(Source material begins)
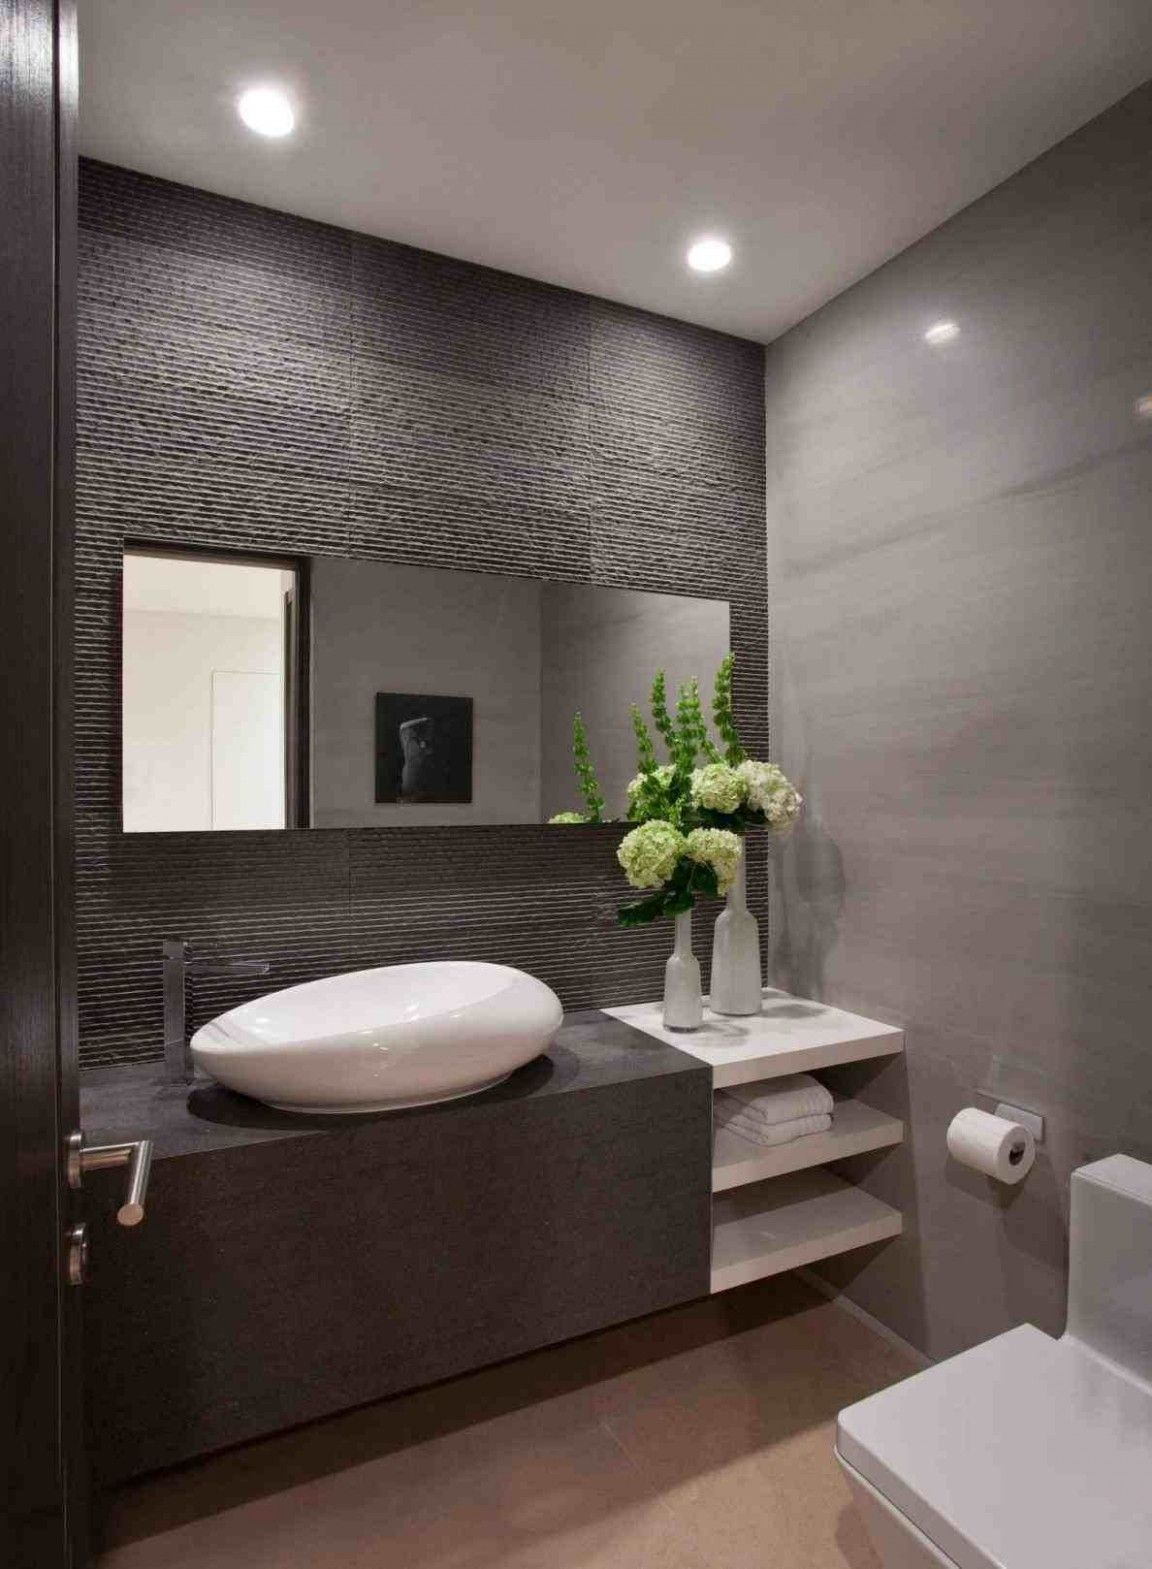 Modern Half Bathroom Ideas Modern Bathroom Decor Bathroom Design Small Contemporary Bathroom Designs
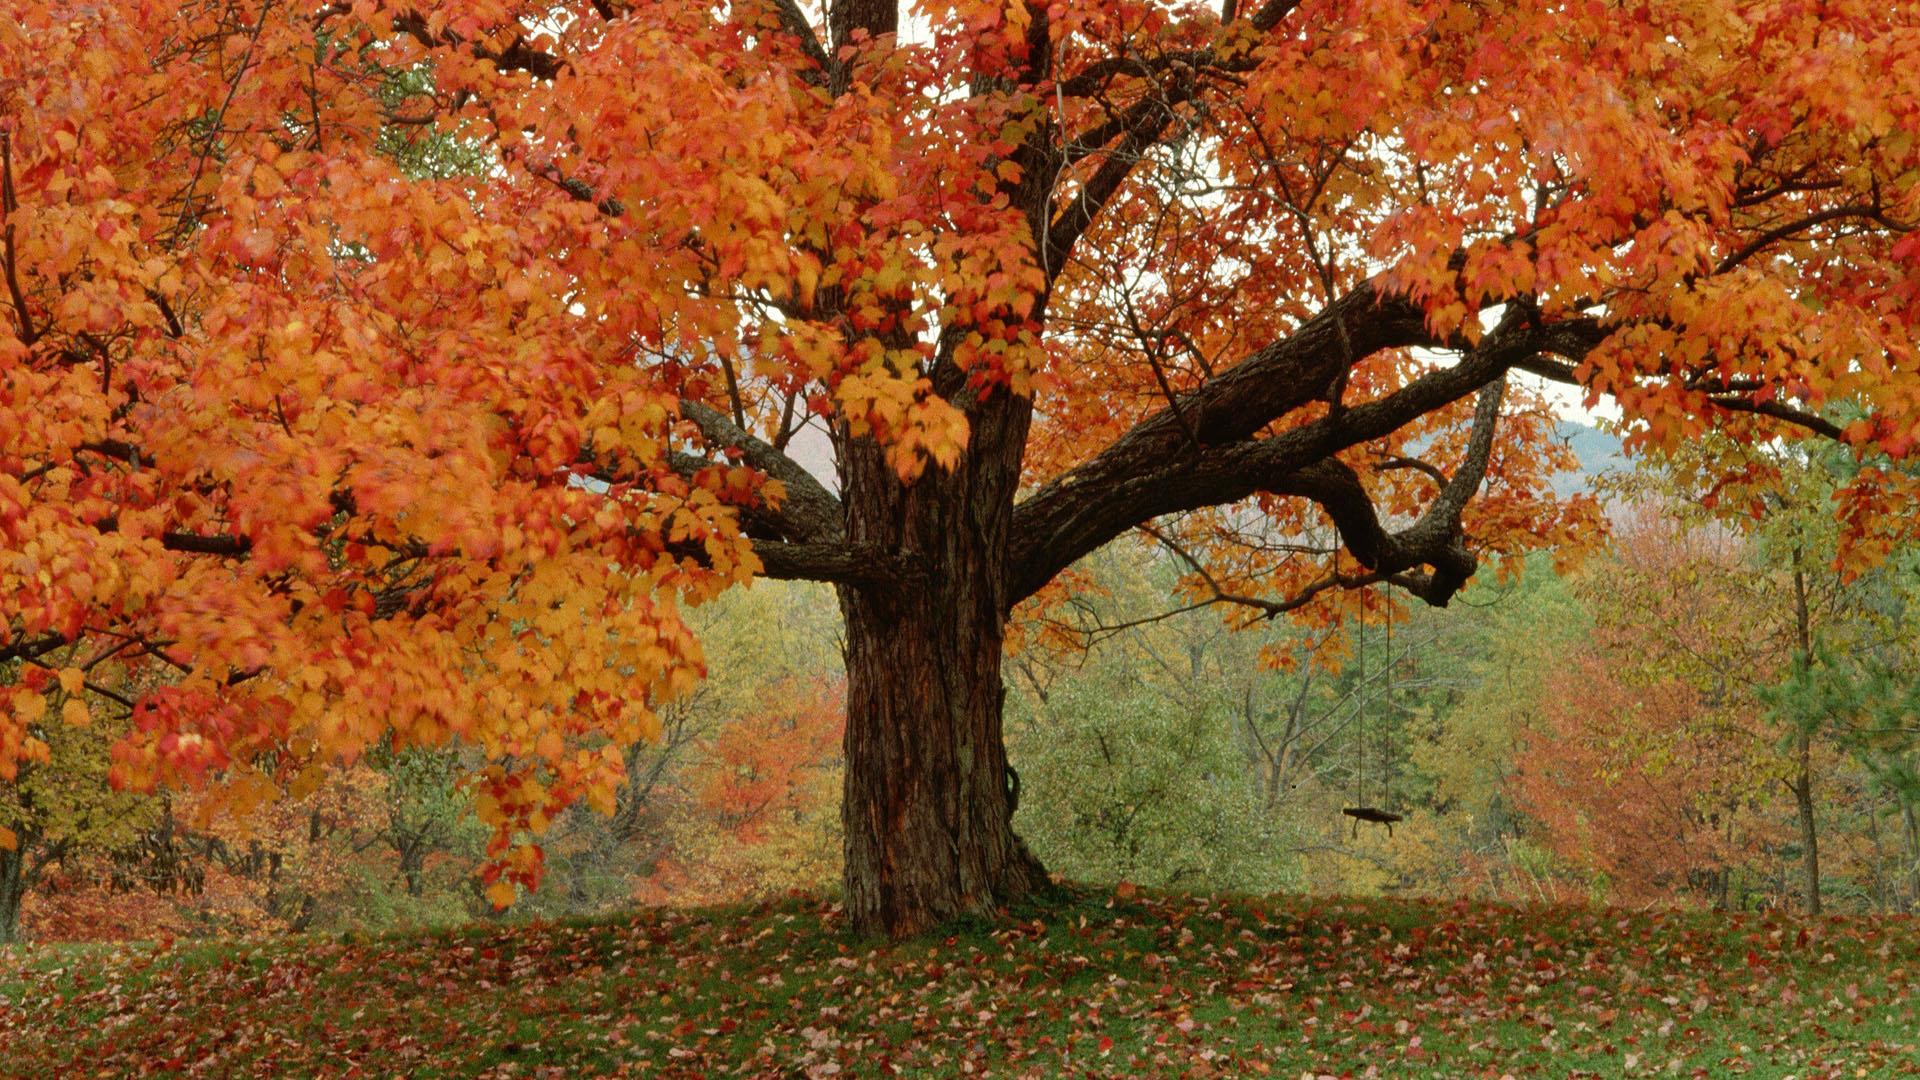 Autumn Trees wallpaper   751311 1920x1080
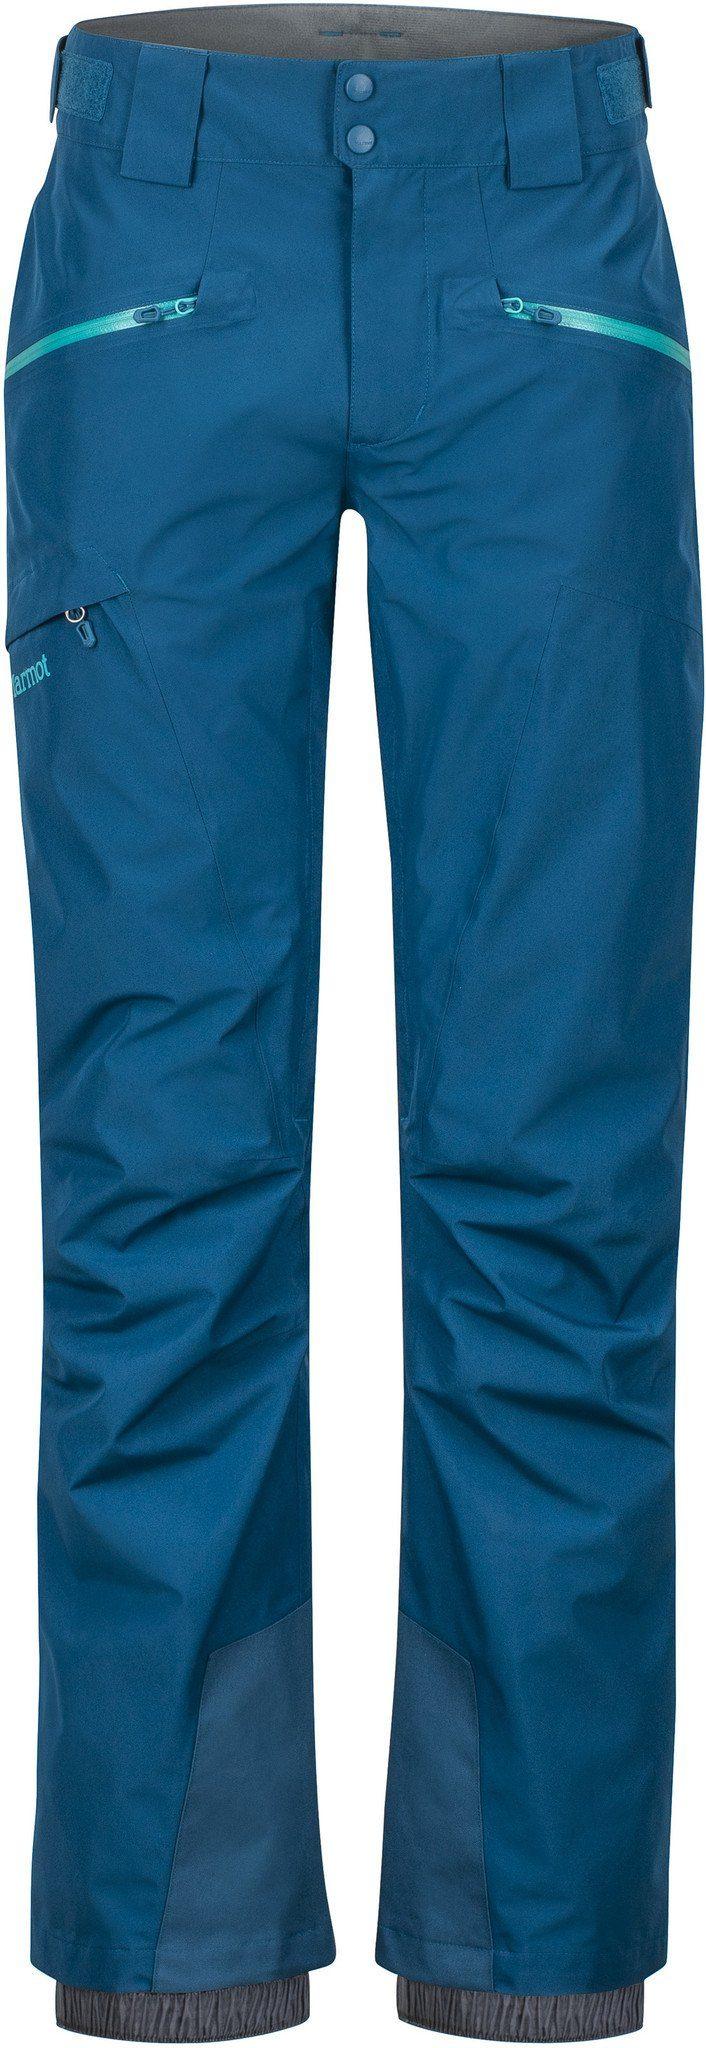 Herren Marmot Outdoorhose »Lightray Hose Herren« blau | 00889169523687
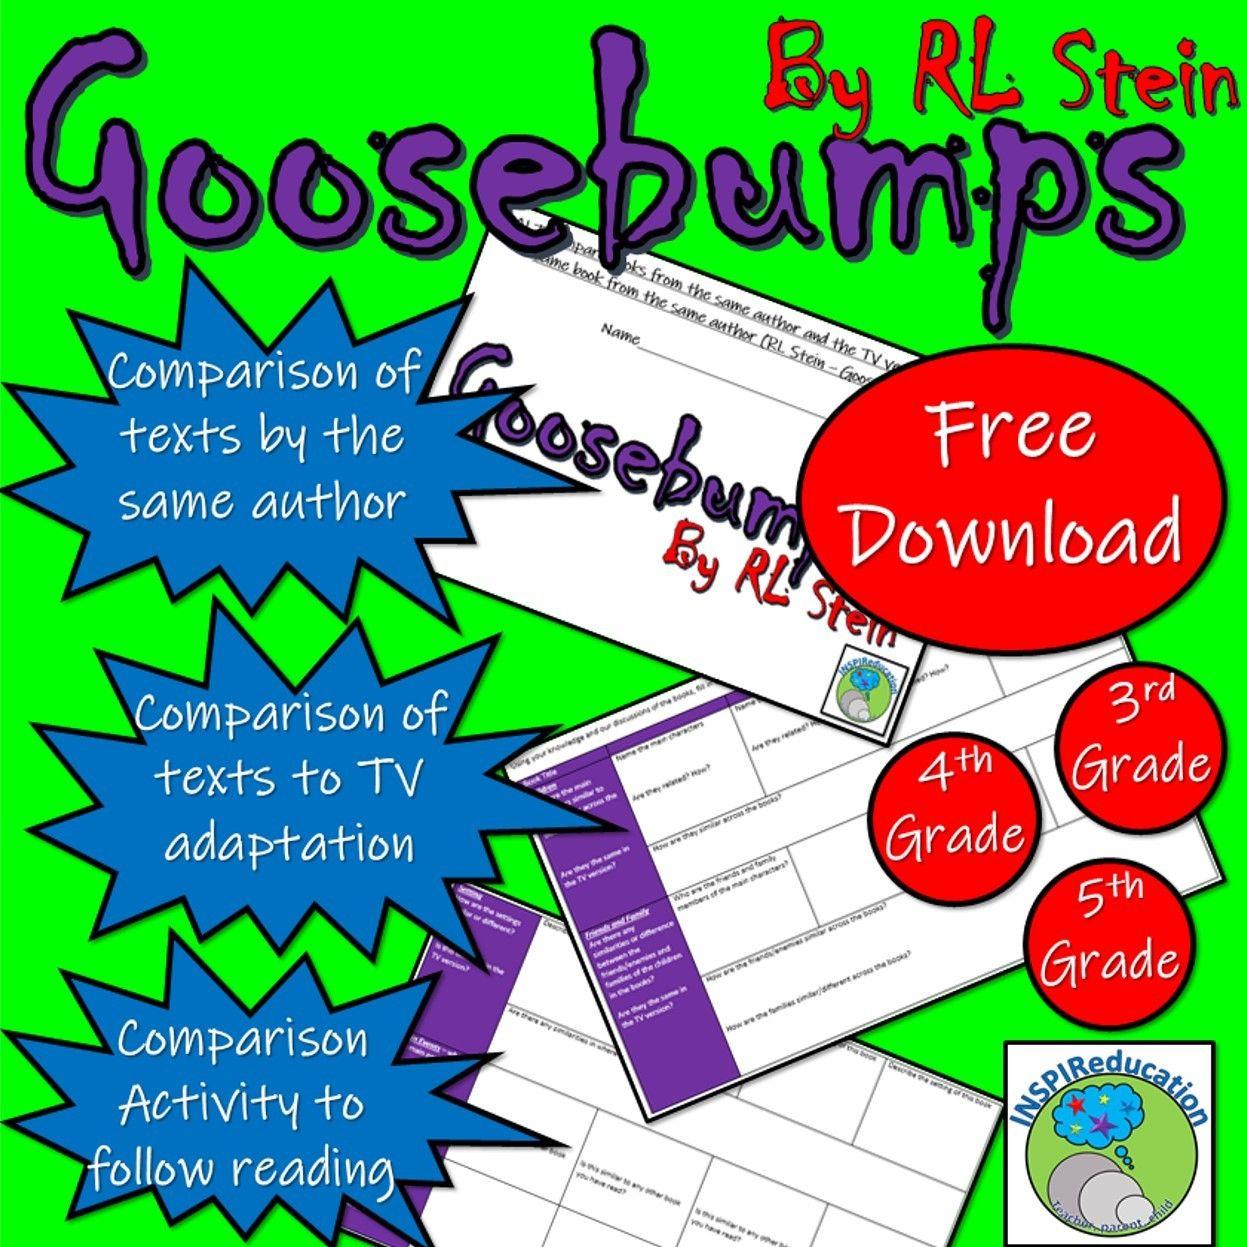 Goosebumps By Rl Stein Novel Comparison Worksheet
(Source material ends)
▶ Exercise aim:
Leave out the pictures, and write out exactly the lines from the one containing "Herren Marmot Outdoorhose" through the last line of the listing, both included.

▶ Written reply:
 Herren Marmot Outdoorhose »Lightray Hose Herren« blau | 00889169523687
 Goosebumps By Rl Stein Novel Comparison Worksheet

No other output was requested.